Interesting to see how many terms carry over from 32/55ths of John into the other Gospels and Responsorium Ad Luther. I have just been reading John, so I wanted to see what my starting point was shaping up to be for the other texts. I was surprised that Matthew had proportionally the highest carryover, being only barely lower than John itself. Since "terms" in Lute are individual inflected forms, this in large part reflects the style of the authors, and what wording they tend to use. It seems to signal that Matthew and John are actually the most similar inflection/vocab choices. Mark may be lower just due to its brevity reducing the odds of shared inflections appearing, but Luke is the clear odd one out due to both being lengthy and the least similar. When I was copying some of these from SacredTextArchive I skipped to a random page of Deuteronomy and could read all but one or two of the words.

Still, 3/5ths of reading through John covering about 75% of the inflected forms within, AND 75% of Matthew is a pleasant surprise, 50-60% on Mark/Luke is a nice bonus, and >33% on a random lengthy Humanist work like Thomas More is really encouraging to me for the long term. Slow, high-analysis reading has lately given way to surprisingly extensive chunks of just scanning.
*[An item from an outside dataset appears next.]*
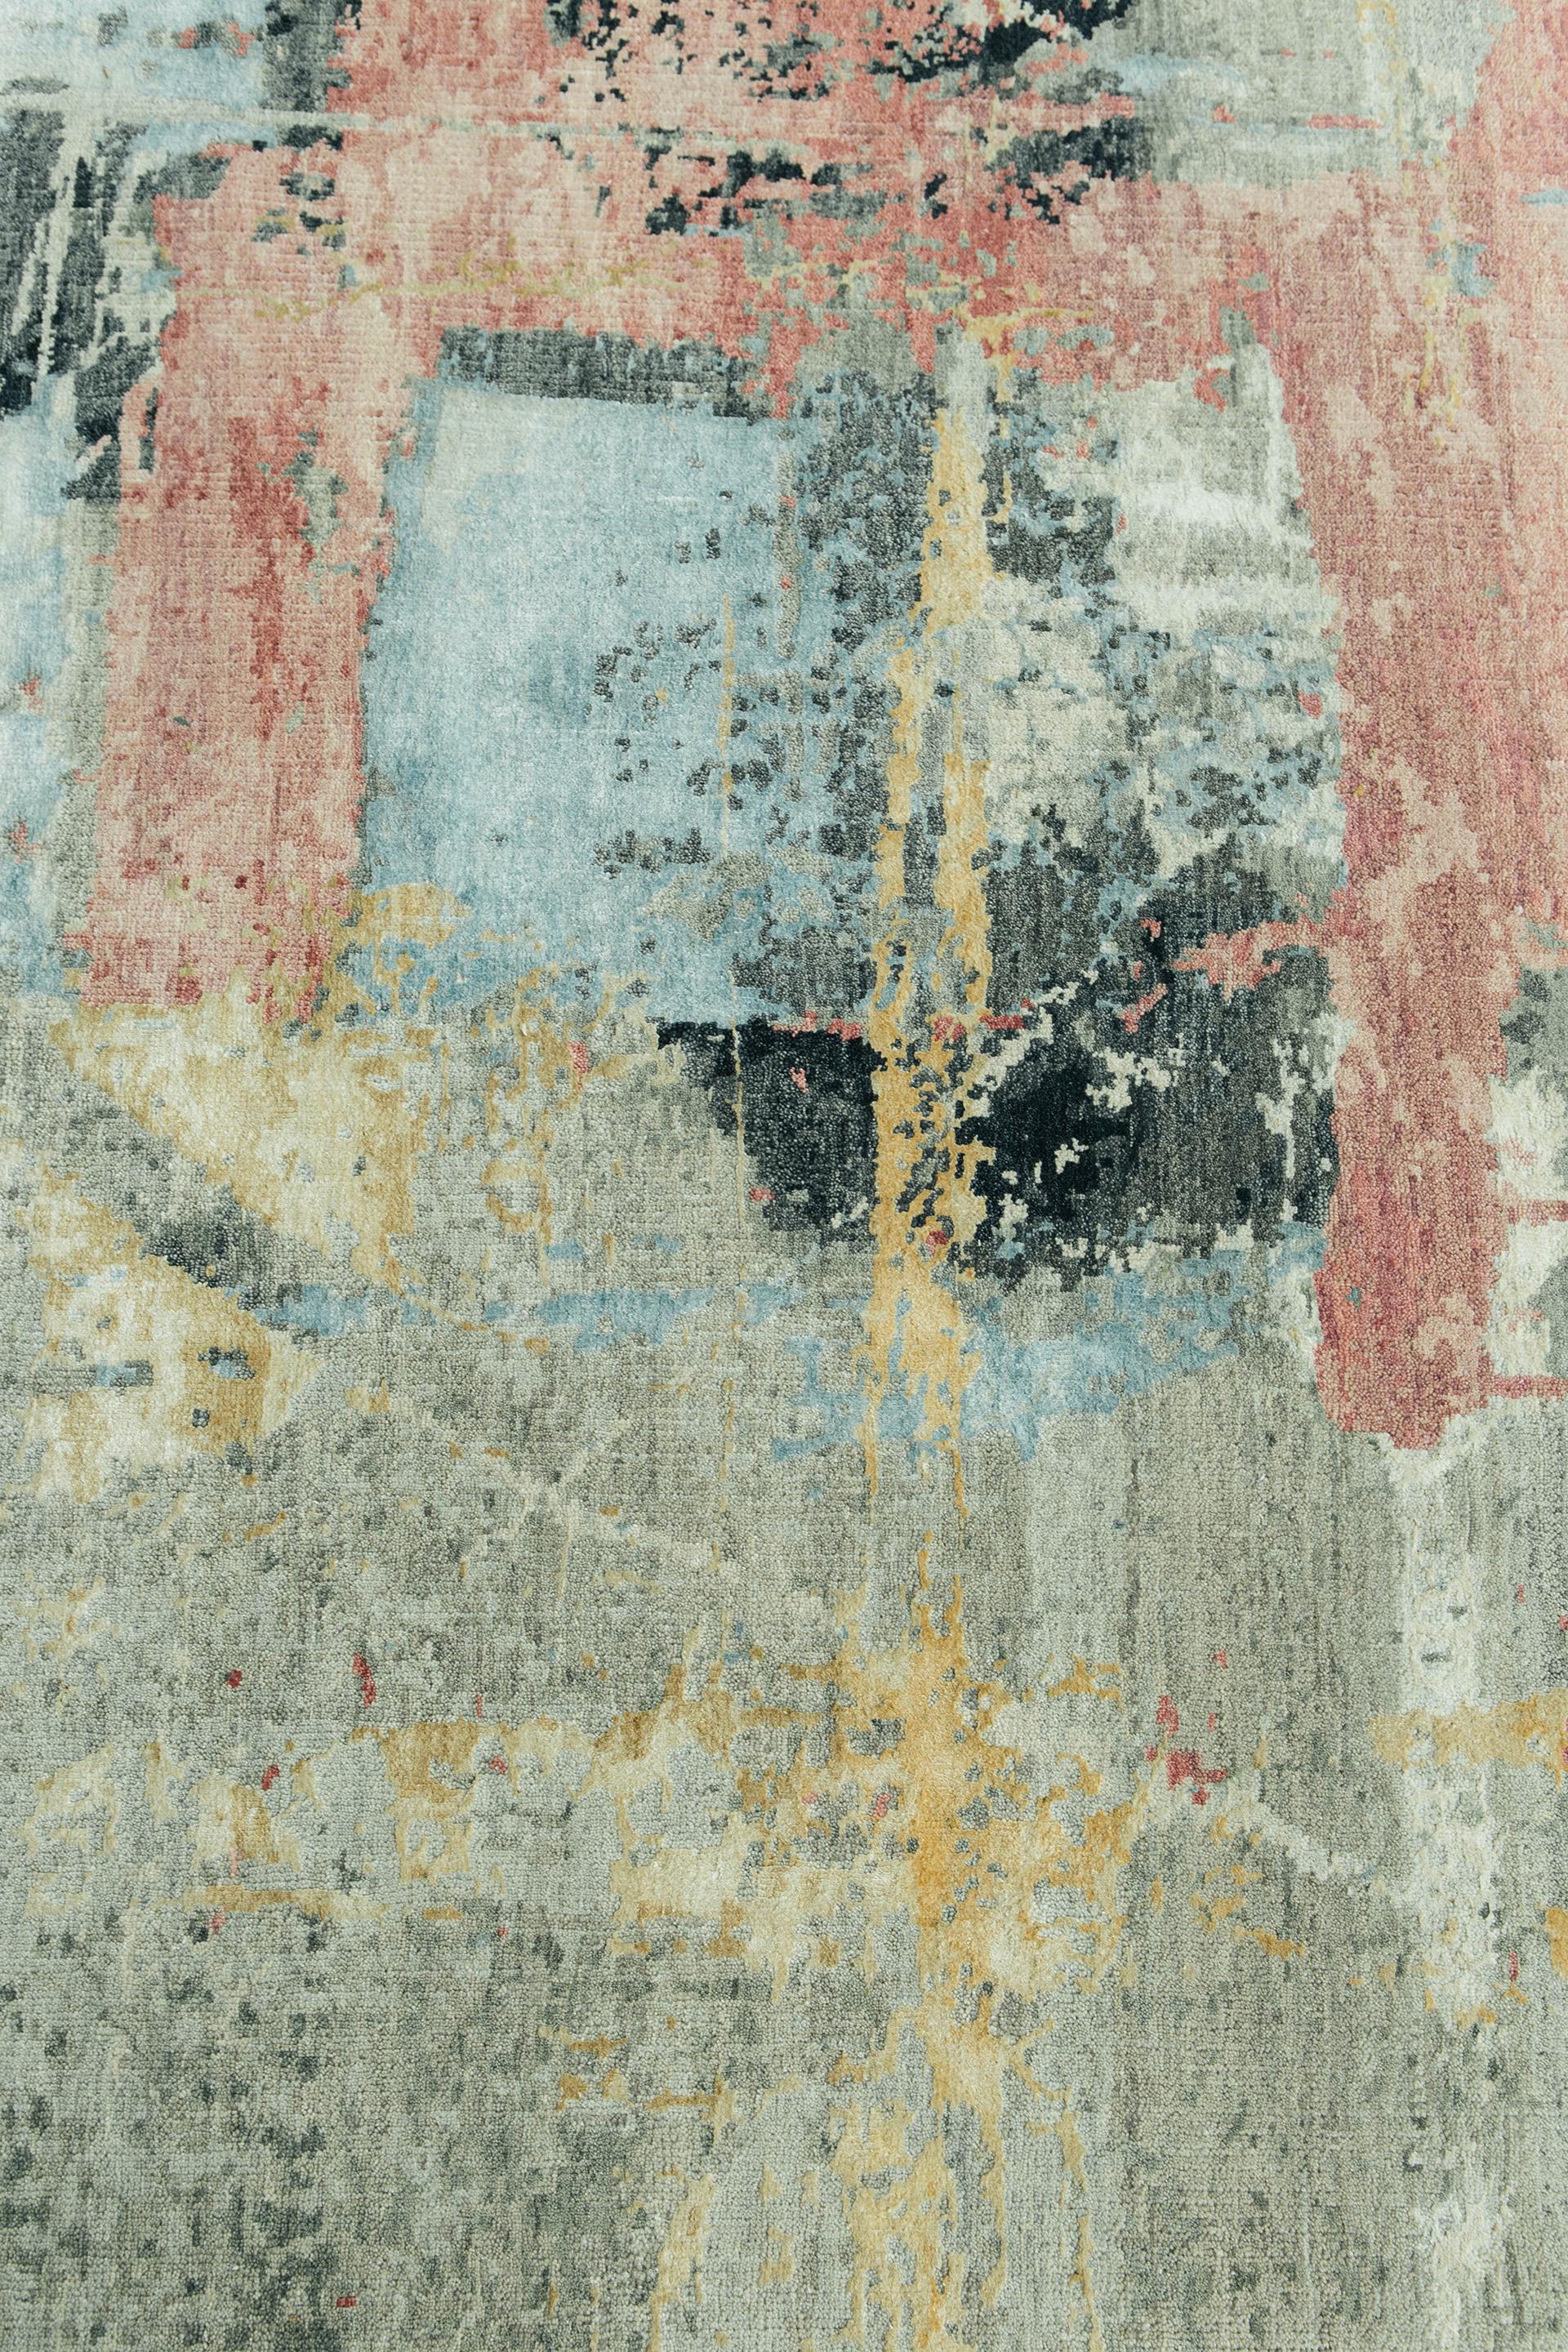 Ähnlich wie Granit ähnelt unser Serizzo-Teppich den organischen und fließenden Elementen von Stein und hinterlässt mit seinen kontrastreichen Farben bleibende Eindrücke. Die Blau-, Gelb- und Rosatöne von Ottika verleihen dem Stück aus Seide und

Overall, really happy with the results so far of the "pick a long text and just read" method. Excited to finish John and see where that puts the other gospels, then finish the other gospels and see where that puts me, then finish acts (politics/law/etc.) and see where that puts me, then read the whole bible eventually and see where that puts me. I think memorizing the Psalms someday beyond the couple I have done already could be awesome, but the idea of memorizing more of the Aeneid appeals to me too. Just need to keep the faith that carefully reading 750k words of Latin will get me somewhere if I pay close attention to the grammar.